Как у нашего попа,
У попа Евгения,
На носу сидит блоха,
Пишет заявления.

И все же подумалось, может, опять кулек обломится. Все еще никак с довоенностью я порвать не мог. Крепко сидела о ней память, как корни дерева в суглинистой почве.

Словом, доехал я до Дона, а мне навстречу войска чешут. Отступают. Солдат один, перематывая обмотку, сказал:

«На гриве не удержались, на хвост малая надежа».

Не понял я его иносказания, но на душе стало так же тяжело, как в свое время, когда я счинался переплыть Дон через Чертов омут.

И все же я сунулся на переправу. Серафимович-то на горе стоит себе такой мирный и тихий, что не верится – это его спешно покидают войска «Ты чего тут крутишься?» – спросил меня пожилой боец, когда я во второй или третий раз подошел к воде.

«Тетя у меня там», – махнул я в сторону города.

«А у меня жена, – грубо съюморил усач, – да еще с детьми. Заказан туда путь, понял?»

А небо вновь стало тяжелеть от самолетного гула.

«Иди отсель!» – крикнул мне солдат и побежал к вырытой между деревьями щели.

Переждав бомбежку, подошел я к полуторке, возле которой двое колдовали.

«Возьмите до Михайловки», – прошусь.

Шофер мнется, а другой с ним, в гимнастерке без петлиц, ногой разные вензеля выписывает, затекла, видать.

«Посторонних запрещено возить!» – отчеканил.

И когда я уже ринулся к другим машинам, шофер меня покликал.

«Там у нас, – он махнул на кузов, – лейтенант раненый. Поить его будешь!»
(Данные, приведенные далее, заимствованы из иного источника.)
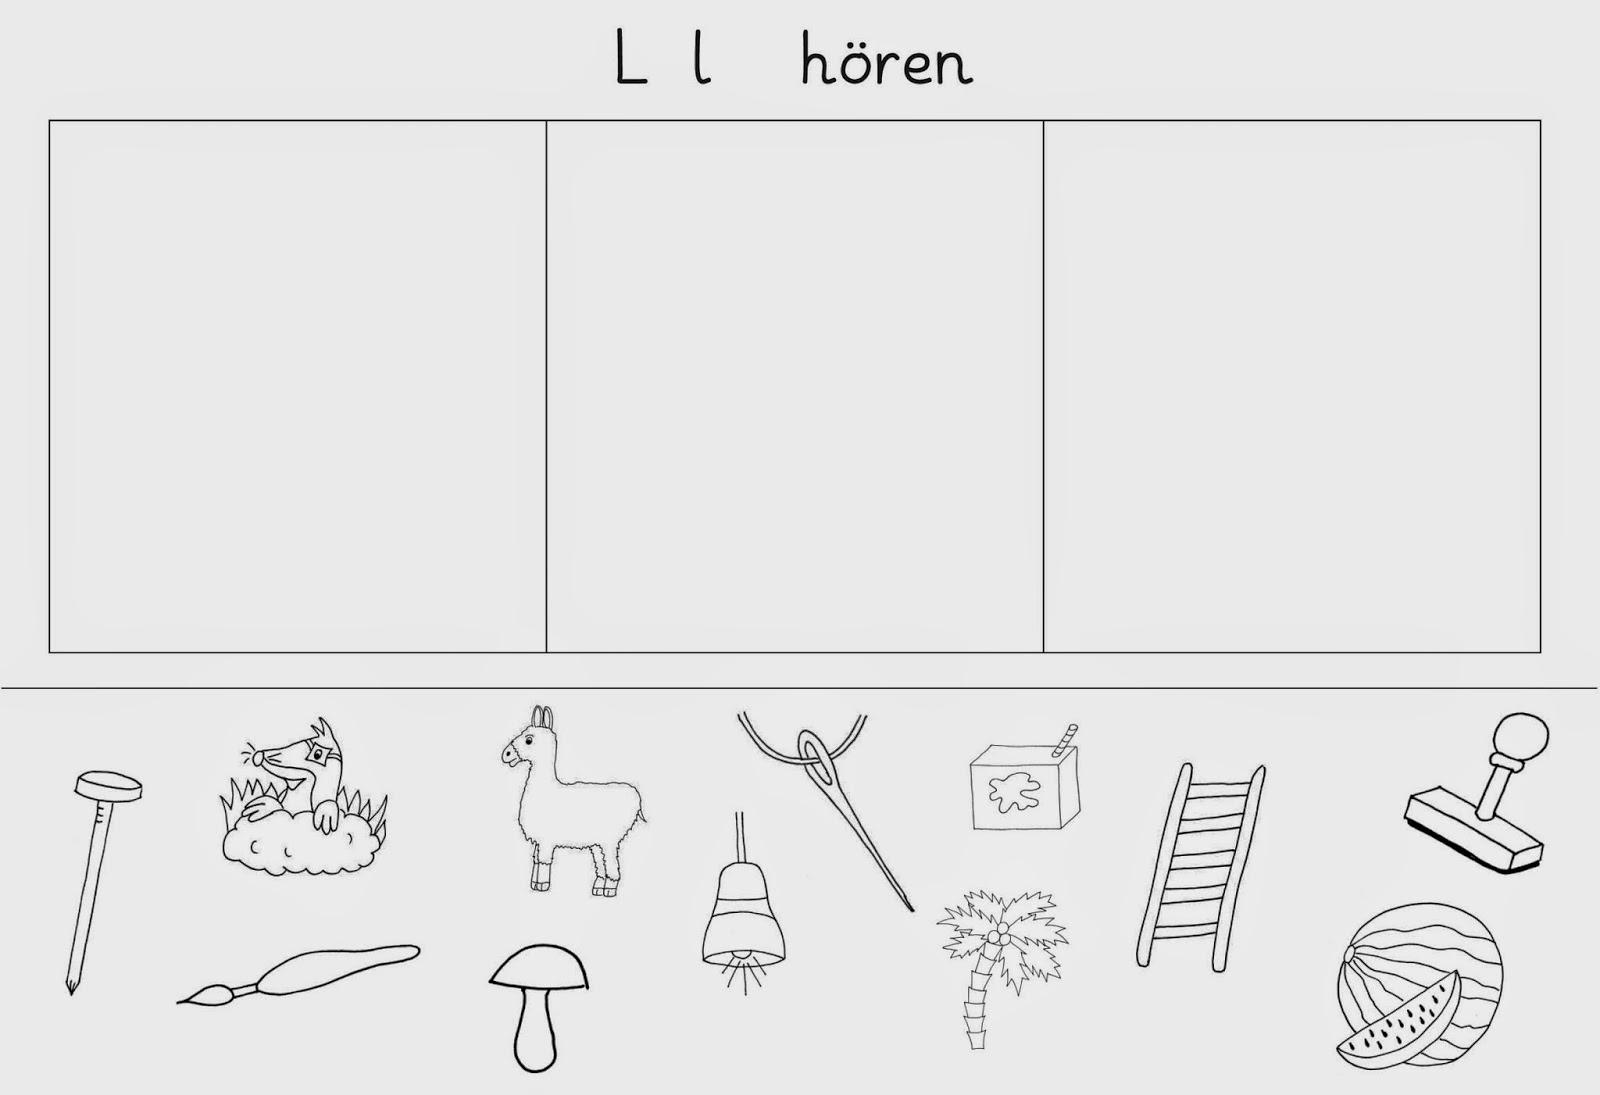 Lernstübchen: drei Arbeitsblätter zum L - l

И фляжку с водой мне протянул.

Залез я в будку, что стояла в кузове, гляжу, на топчанчике лежит парень, спекшейся кровью губы обметаны. Стонет. Только я ему воды в рот влил, как он захрипел и затих. А в это время полуторка уже ухабы колесами считала. Понял я, помер лейтенант. Давай стучать в стену, где кабина. Меня, конечно, никто не слышит. Кинулся к двери – закрыта снаружи. А лейтенант смотрит на меня расплывшимся почти во весь глаз зрачком. В нем лампочка прыгает. А одеревенелая нога медленно к краю топчанчика сползает, словно он встать собирается. Я из угла гляжу на него, шкура от мяса отстает. Потом, закрыв глаза, подбегу к нему, закину дальше на топчанчик ногу и снова гляжу, как пляшет в зрачке лампочка и как он весь трясется и ворочается. Потом меня осенило: взял я его пилотку и натянул ему на лицо. И, кажется, дрыгаться он стал меньше. А может, дорога лучше пошла.

До самой Михайловки шофер ни разу не остановился. А когда все же машина стала и дверь распахнулась, тот – без петлиц – укоризненно сказал:

«Чего же ты не позвонил?»

Оказывается, кнопка там специальная была.

А мне стало обидно за лейтенанта, которого они тут же спешно зарыли у кого-то на огороде. Обидно, что оставили его, собственно, на случайного человека. А сами ехали в комфорте. Наверно, если бы я не сел, он – один – конечно же, свалился бы с топчанчика и разбил бы себе лицо.

Как я добрался до Сталинграда – жуть вспомнить. Савелия Кузьмича застал в том же кожушке. Он, кажется, обрадовался не тому, что я приехал живой и невредимый, а что ничего не привез, не подорвав его довольно устойчивую репутацию кормильца двух семей.

А еще через день я попал под бомбежку.

До этого я видел воздушным бой: это когда в небе самолетам места мало – так они заполняют его собой. Одни кидаются к земле, другие взмывают вверх, третьи бомбы бросают. И все это сдобрено молотьбой пулеметов и пушек, воем сирен и прерывистом ревом захлебывающихся моторов. Видел я, как самолеты горели без дыма, дымили без огня, просто врезались в землю». Но все это было чуть в стороне, а не над головой у меня. Поэтому, наверно, страха я особого не испытывал.